### Information supplied:
-- Opening Marker --

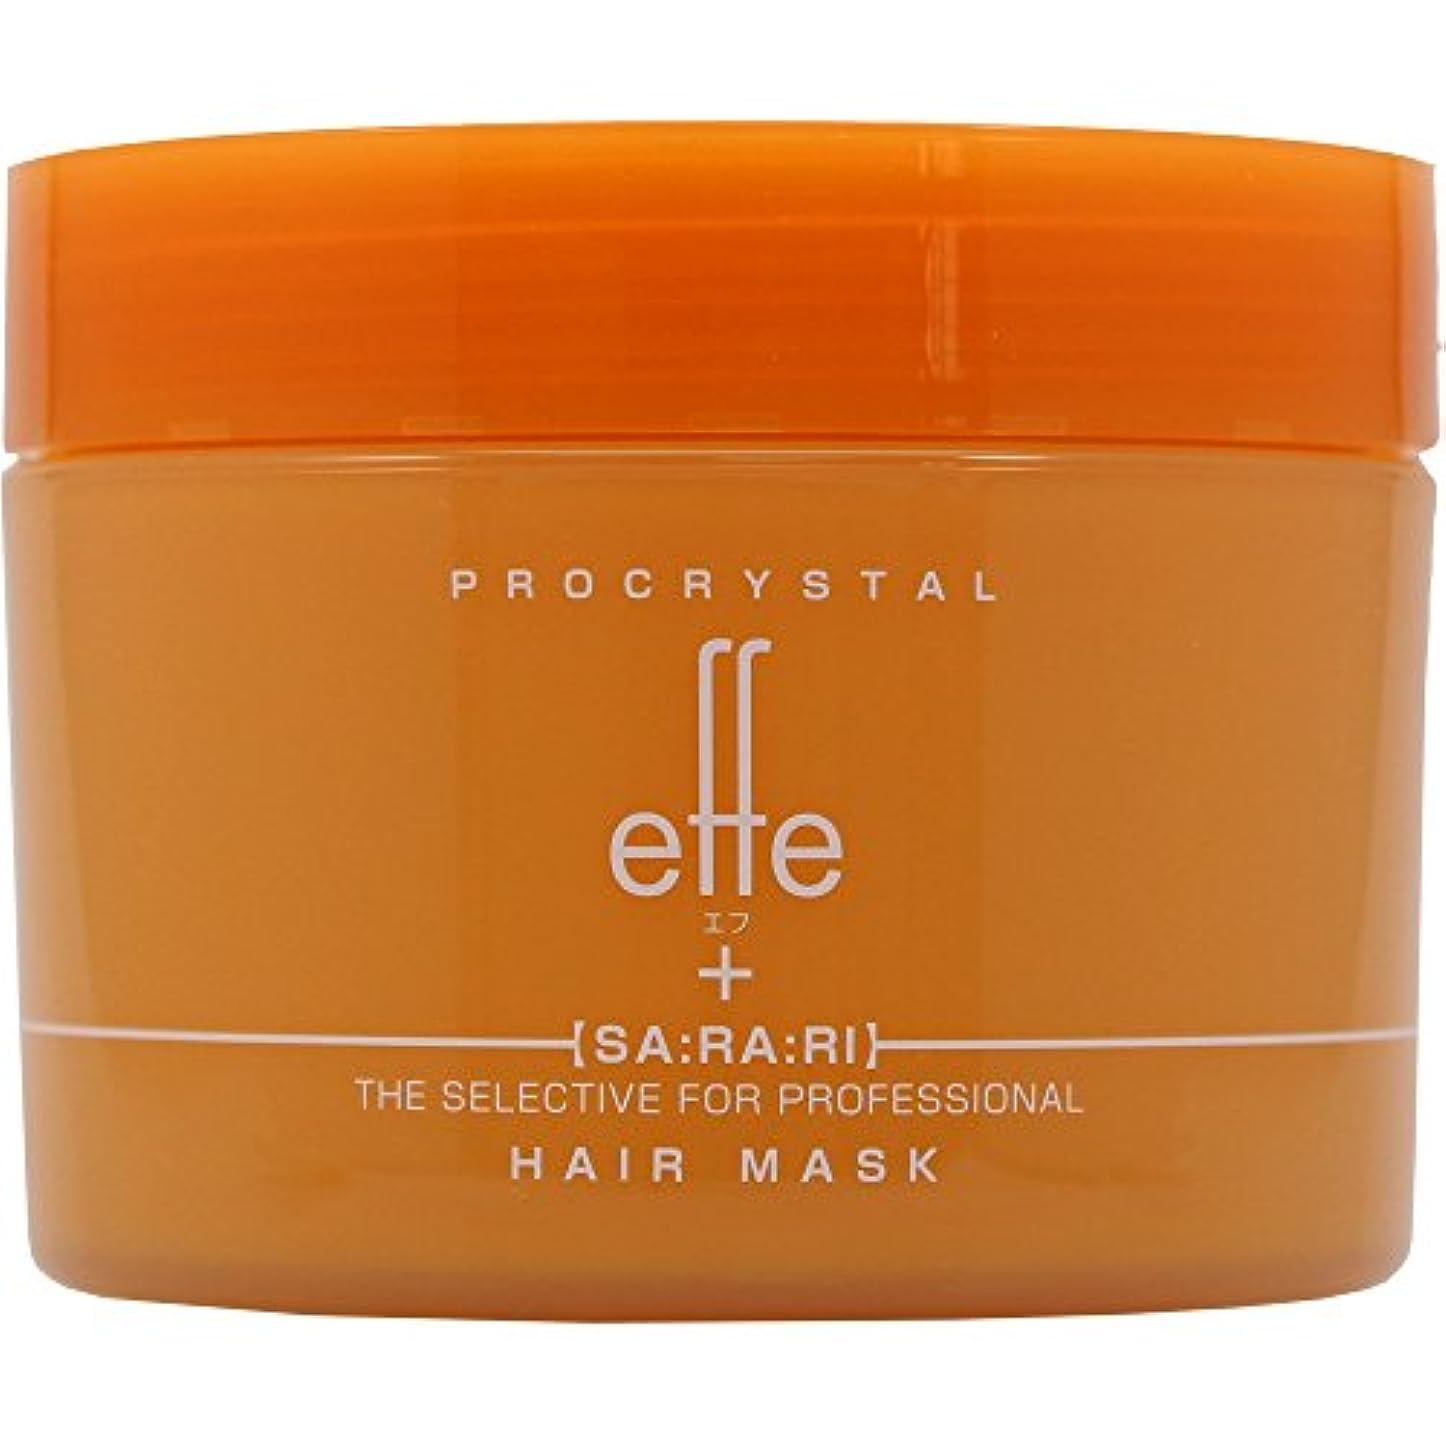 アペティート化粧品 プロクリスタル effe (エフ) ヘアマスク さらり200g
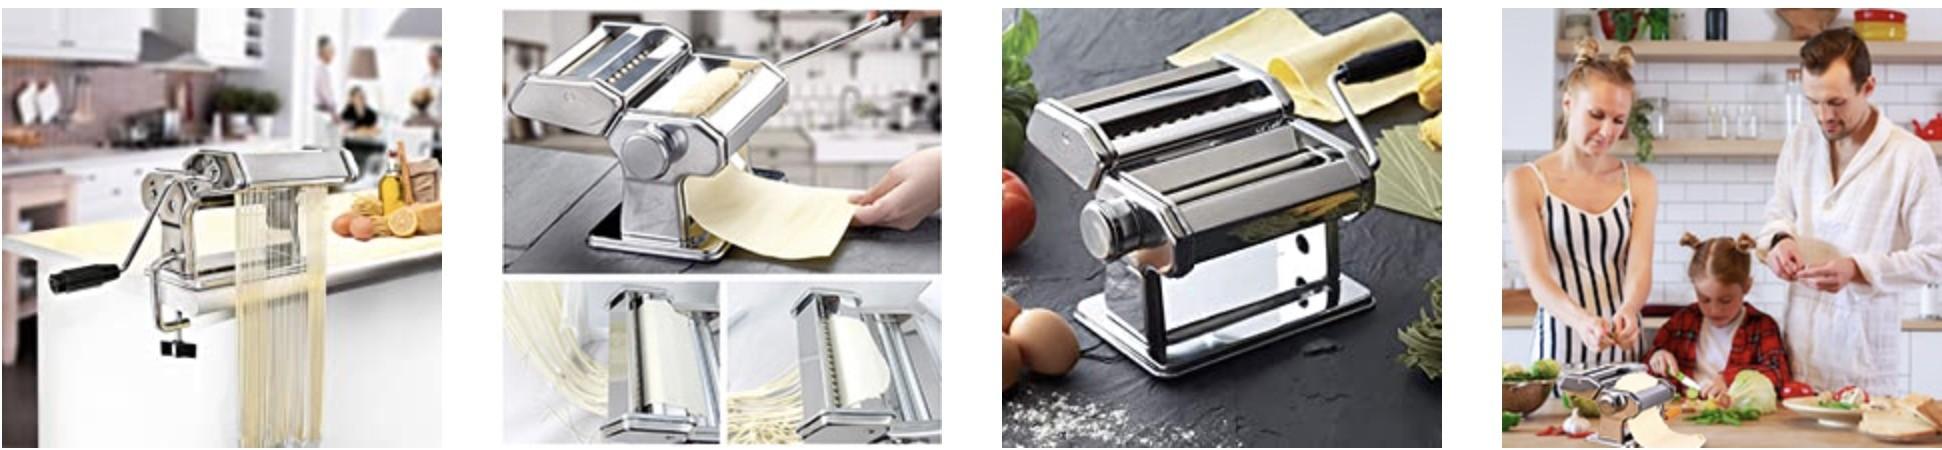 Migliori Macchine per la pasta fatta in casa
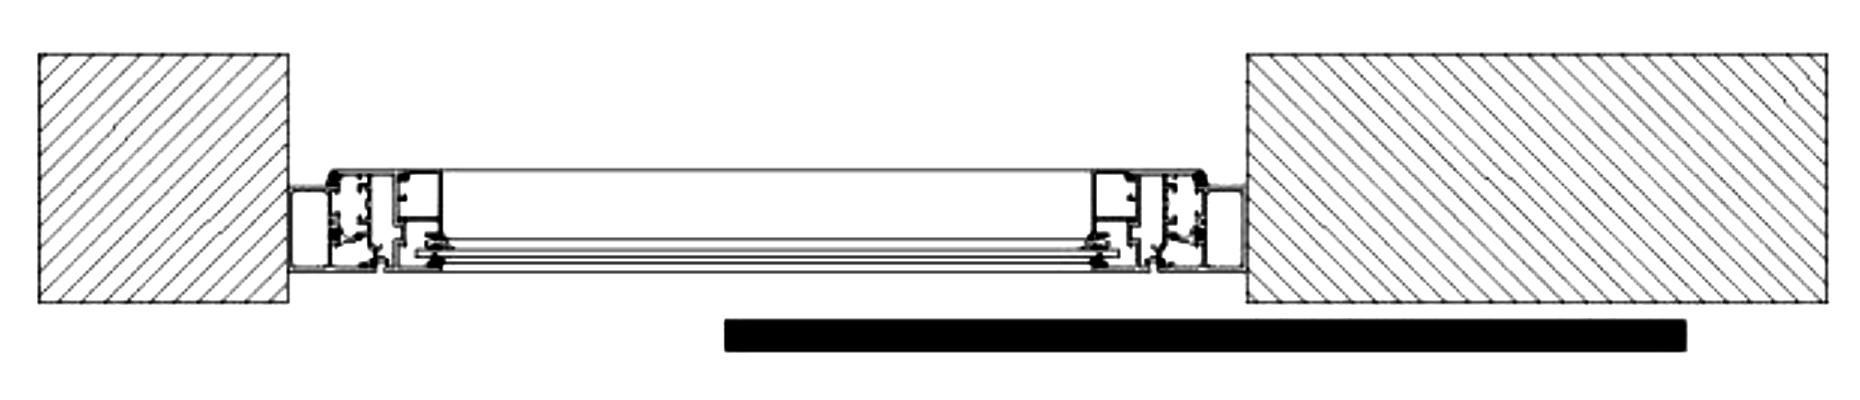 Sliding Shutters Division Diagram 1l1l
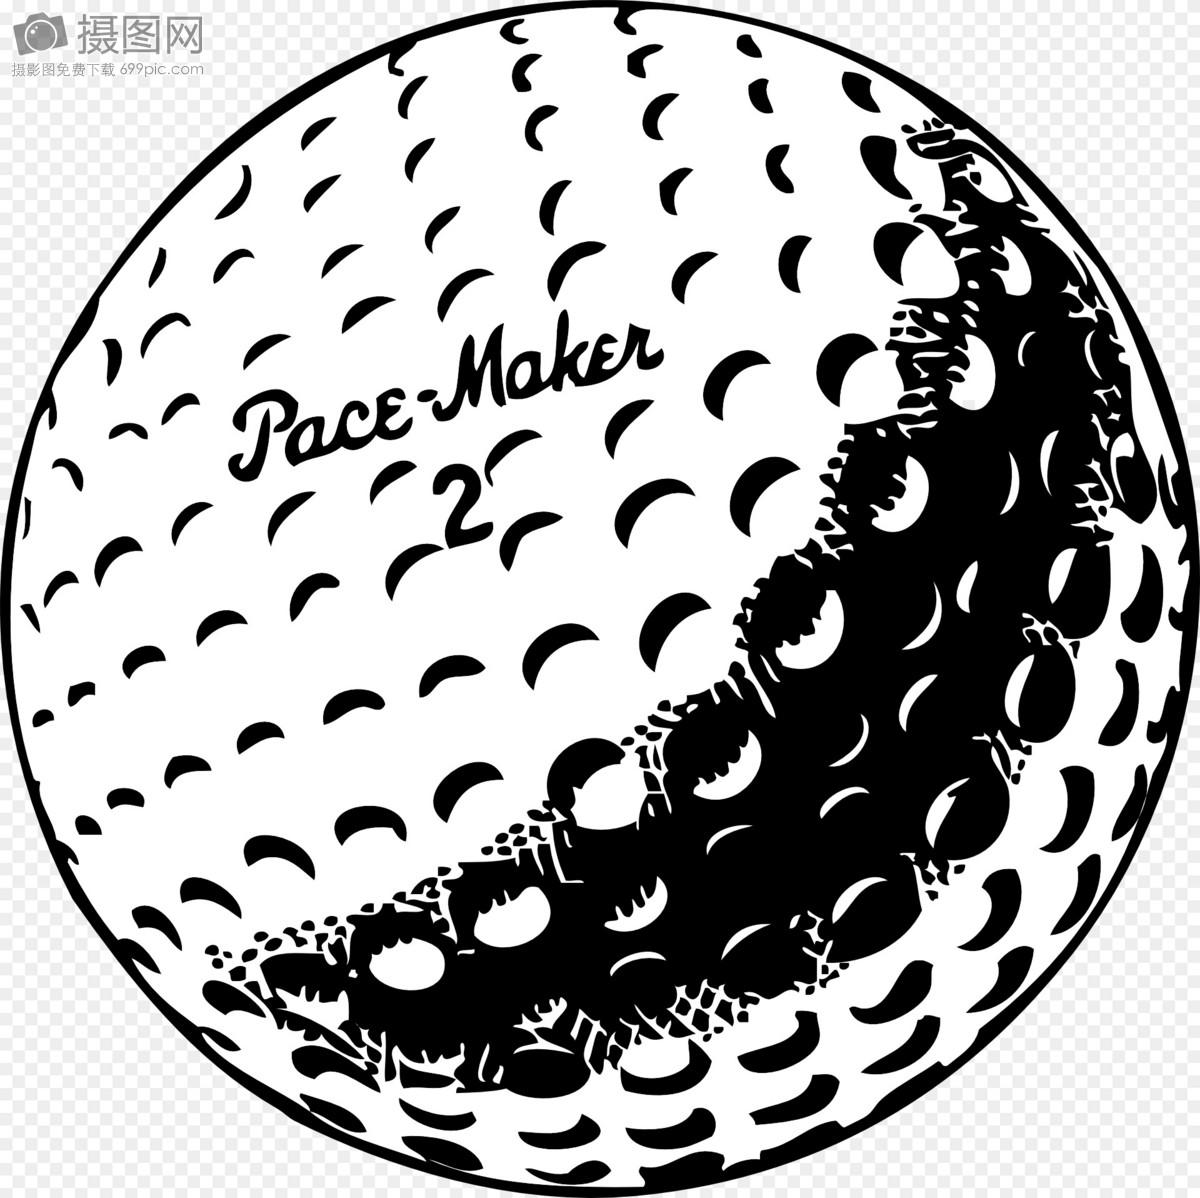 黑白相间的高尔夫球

-- Closing Marker --

### Exercise details:
From the line that holds "Migliori Macchine per la pasta fatta in casa" to the last line of the data, return those lines exactly and nothing else; both ends count, and pictures stay out.

### Result of the task:
 Migliori Macchine per la pasta fatta in casa
 Sliding Shutters Division Diagram 1l1l
 黑白相间的高尔夫球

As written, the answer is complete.